Saturday 18 January 2014

Indie Publishing vs Traditional Publishing

This is my take on Indie vs Traditional publishing. Over the past year and a half or so, I've been reading many different articles, some for and some against Indie publishing.

I have a few author friends who went the traditional route, and were completely frustrated because their publisher or editor wanted them to make major changes to their novel. I'm not talking minor things like sentence structure or maybe rearranging things a bit. One author was told to get rid of all the dialects in her book. What?? The dialects helped make the book, and it would have changed it substantially. After weeks of arguing back and forth, she finally won, but at the cost of great frustration.

Then there is the rejection factor; J.K. Rowling was rejected twelve times before the Harry Potter series was accepted. Considering it can take upwards of six months to even get that rejection, one can see how much time is involved.

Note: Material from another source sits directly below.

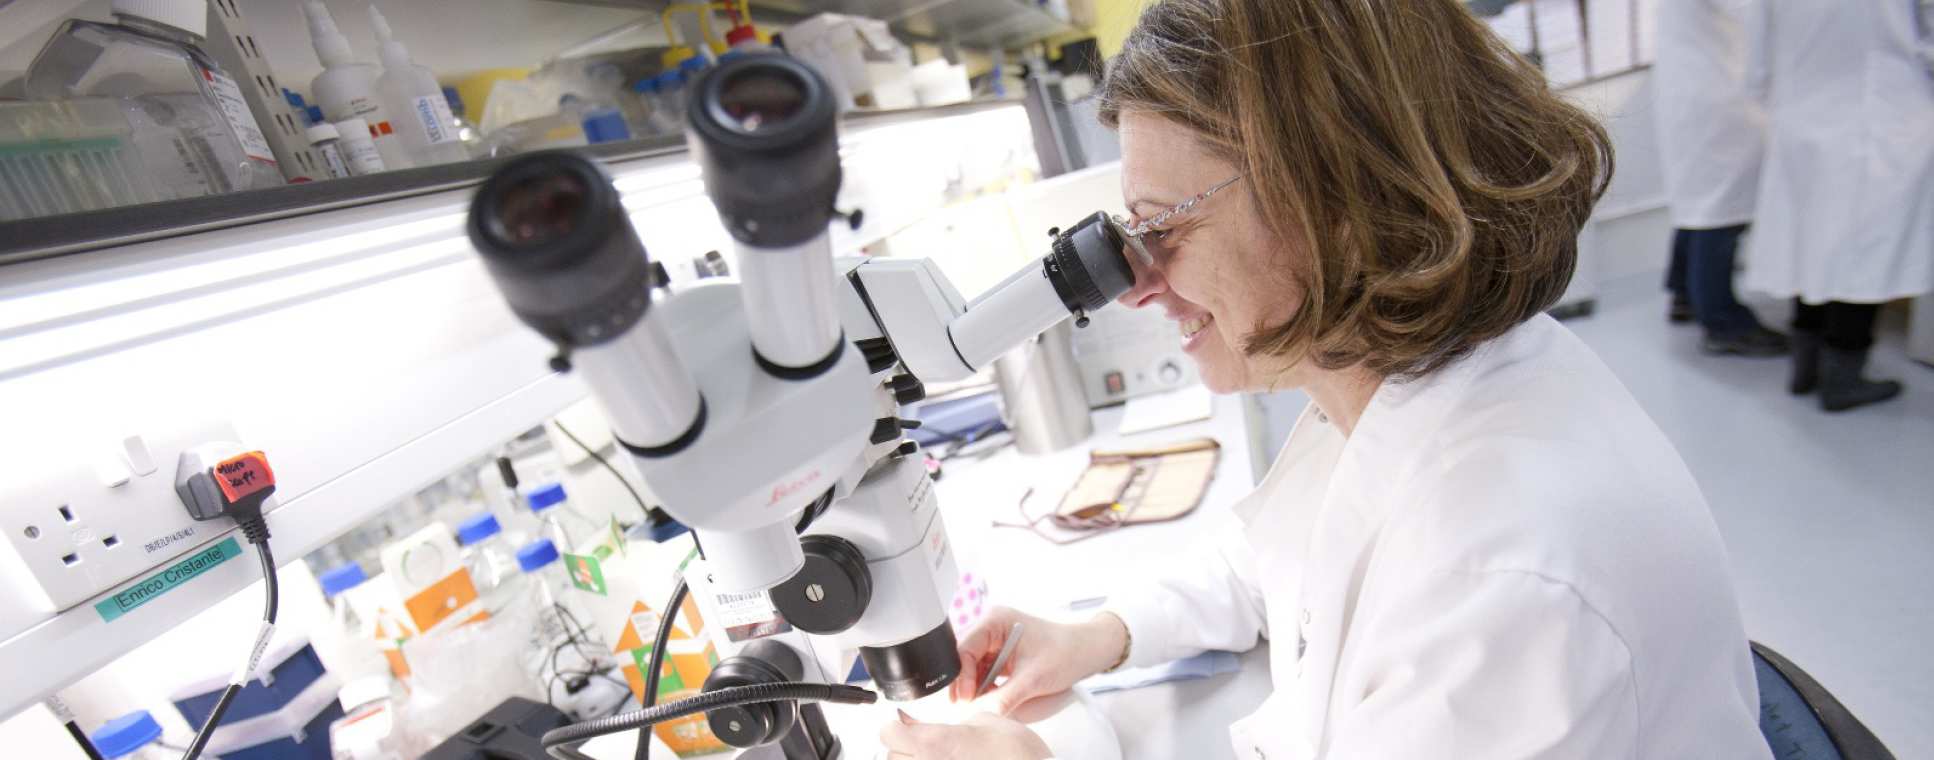 A researcher examining specimens with HPRU microscopic equipment

That is even if one can find an agent willing to represent them, and most publishers do not accept unsolicited or unagented manuscripts.

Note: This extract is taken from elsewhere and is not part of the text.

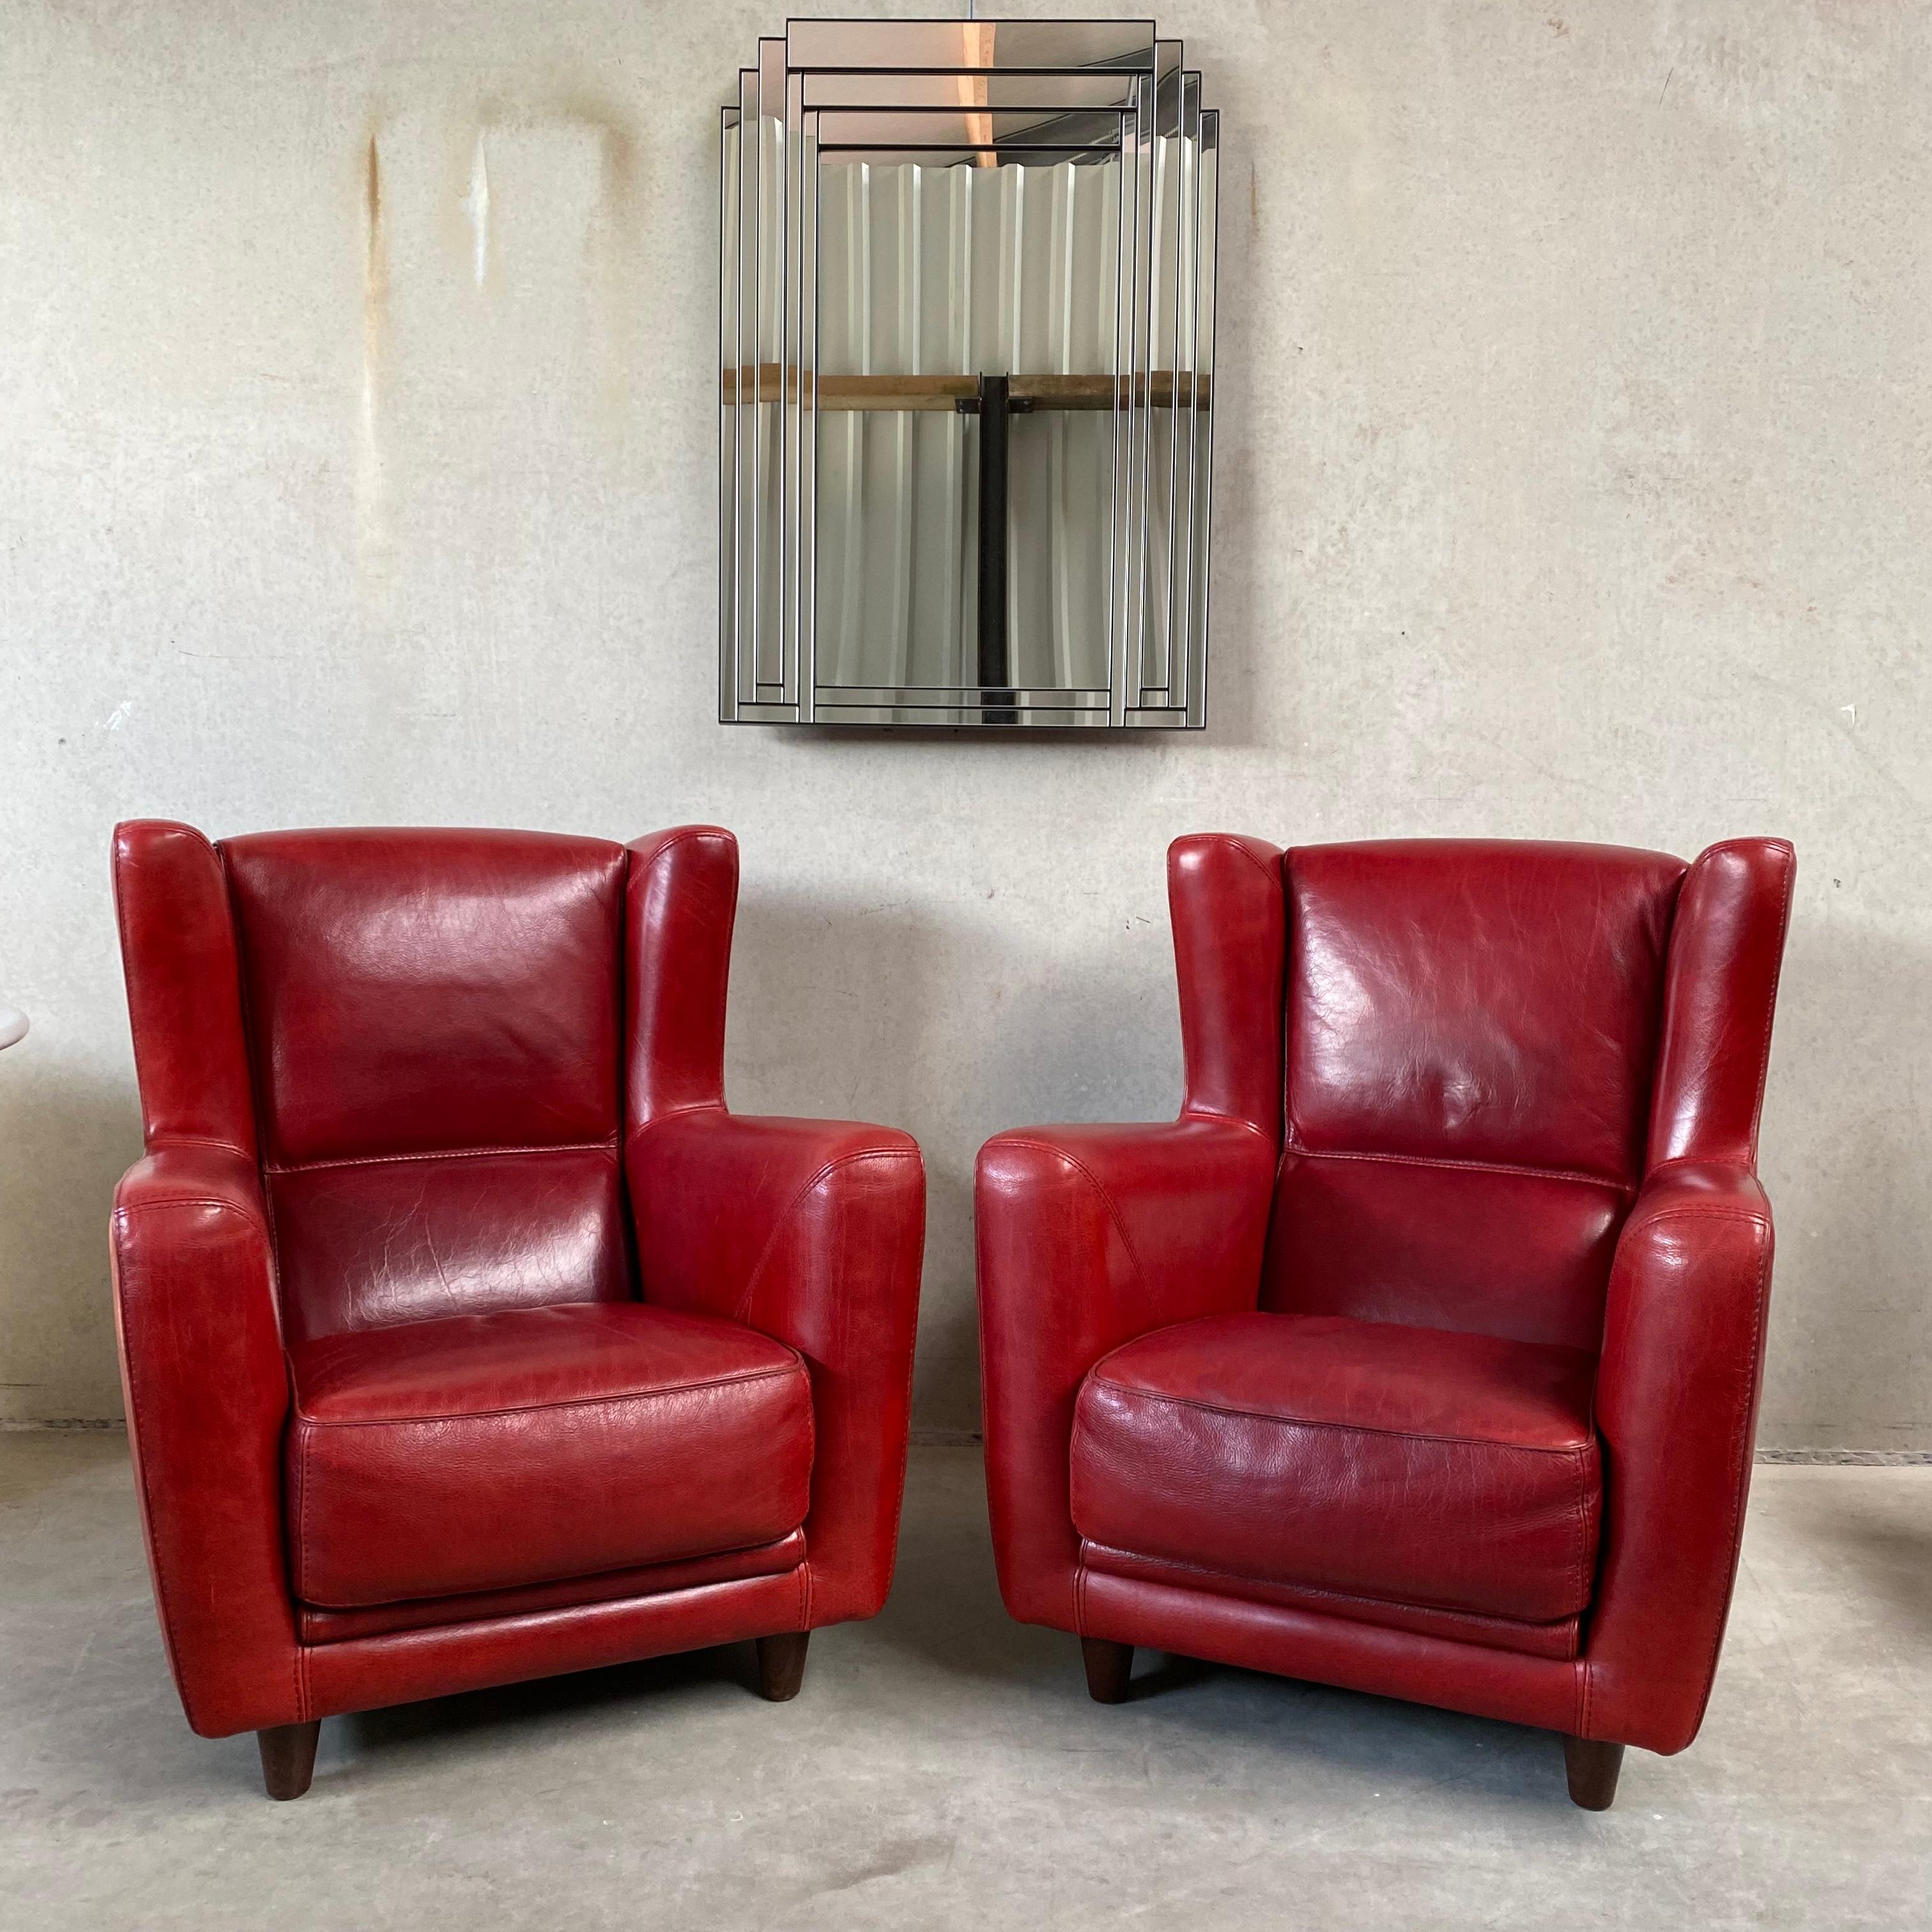 Pair of Ox-Blood Red Leather Lounge Chairs Begére by Baxter Italy 90s For Sale 12

Then there is the time it takes to actually get the book in print; anything up to two years and sometimes longer.

Another friend went the Indie route, observing that these days the publisher expects the writer to do most of the work anyway, and then takes 30% of the profit! "I may as well do it myself, that way I know if things go sideways, it's my fault!" Then there is the time frame; if one is on the ball, one can be published and up for sale in weeks as opposed to months or years. Granted, it is a LOT of work! I did my own editing, revising, polishing, book cover design,marketing, etc. But the satisfaction of holding one's printed book in one's hands is incredible, and worth all the work involved!

I started my novel way back in 2000, after years of life intruding, etc. I finally said that come hell or high water, I would finish the book and see it published before I turned 70. (I just turned 67). What I hadn't planned on, is that the book rather wrote itself, using me as its secretary! I also had not planned on writing a second book-or a third, but that seems to be where I am going at the moment. The last paragraph of the first book came to me long before I finished it, and as my daughter said, "I smell another book!"

Now that the first one is in print, I am busily marketing it locally for a start, and then we'll see. I have a convention in mid February, then I clear off my writing desk, get new pens and paper, and start the process all over again. After all, it is the journey that sustains us.